Berjalan Bersama yang Lemah
LDK OSIS T.A 2025/2026

MERTOYUDAN, JENDELA – Pada hari Kamis (24/7) hingga Jumat (25/7), para pengurus OSIS (Organisasi Seminari Intra Seminaris) Ekalaya Seminari Menengah Mertoyudan semester 1 mengikuti Latihan Dasar Kepemimpinan (LDK). Tema LDK yang diangkat adalah “Berjalan Bersama Yang Lemah”, tema ini dipilih dengan harapan agar setiap pribadi pengurus OSIS menjadi pemimpin yang memiliki rasa empati akan keprihatinan warga komunitas Seminari Menengah Mertoyudan.
Pada hari Kamis, para seminaris memulai kegiatan LDK dengan dibagi menjadi beberapa kelompok besar dan kecil. Ada yang mendapat bagian mencari pekerjaan di pasar Rejowinangun dan Gotong Royong, bekerja di TPA, pemulung sampah, dan Bang Jo atau berjualan koran di lampu lalu lintas perempatan Artos.
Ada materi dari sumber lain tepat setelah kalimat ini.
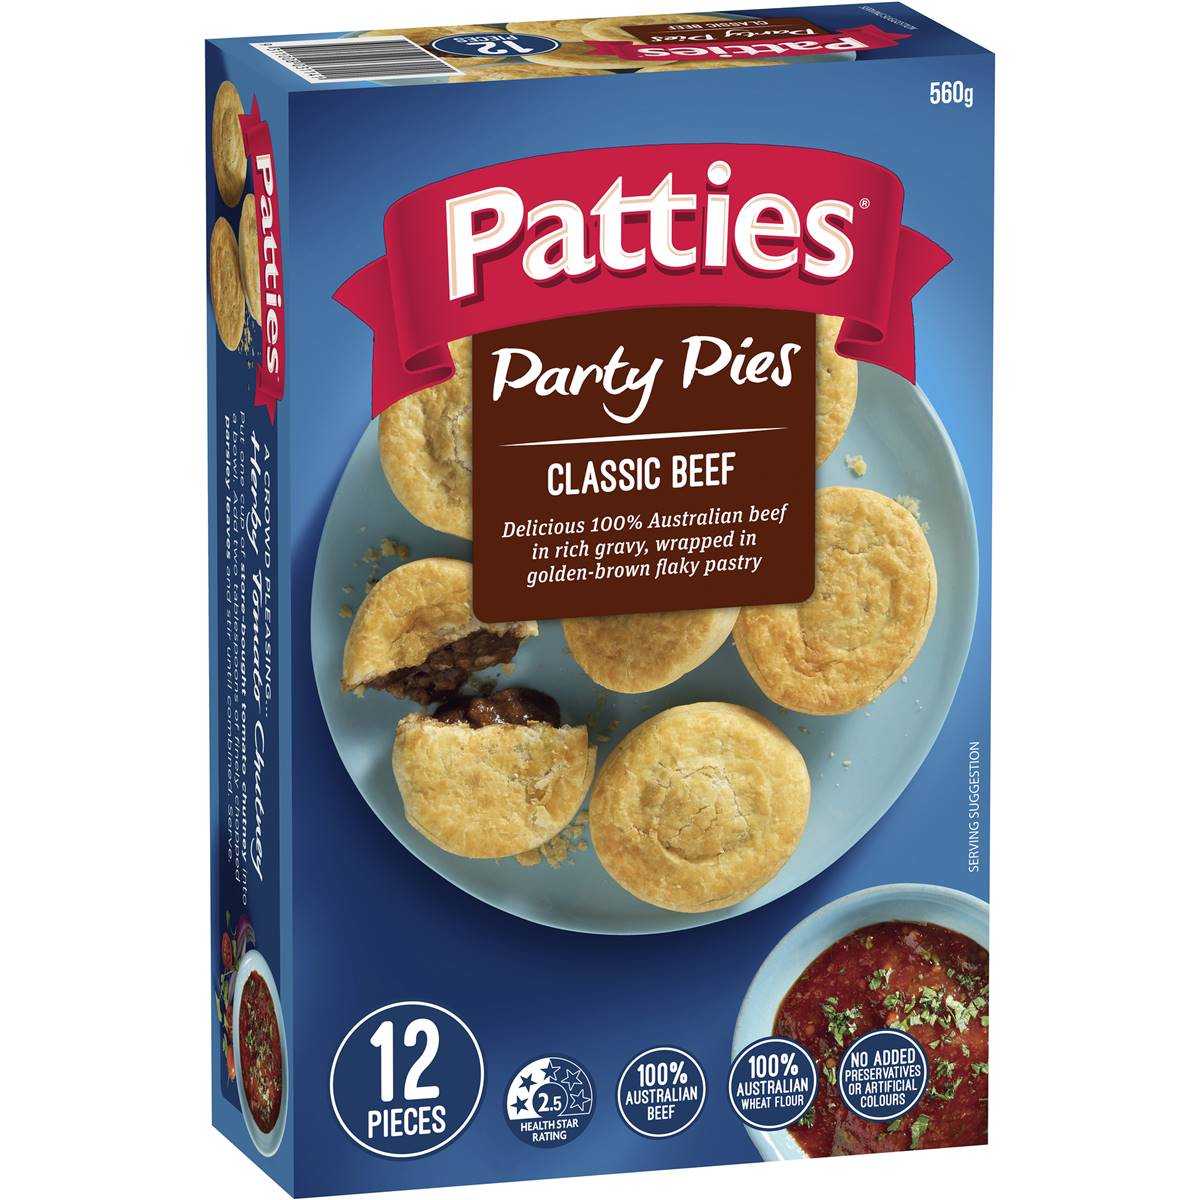 Patties Party Pies Beef 12 pack 560g

“Saya bekerja di tempat pembuangan sampah yang berada di pasar Rejowinangun dengan beberapa teman – teman lainnya. Awalnya, saya merasa jijik dengan tumpukan sampah organik dan bau busuk yang menyengat. Meski begitu, hal ini menjadi tantangan bagi saya untuk mau merasakan pekerjaan orang-orang kecil,” ujar Rendra selaku Sekretaris OSIS Ekalaya.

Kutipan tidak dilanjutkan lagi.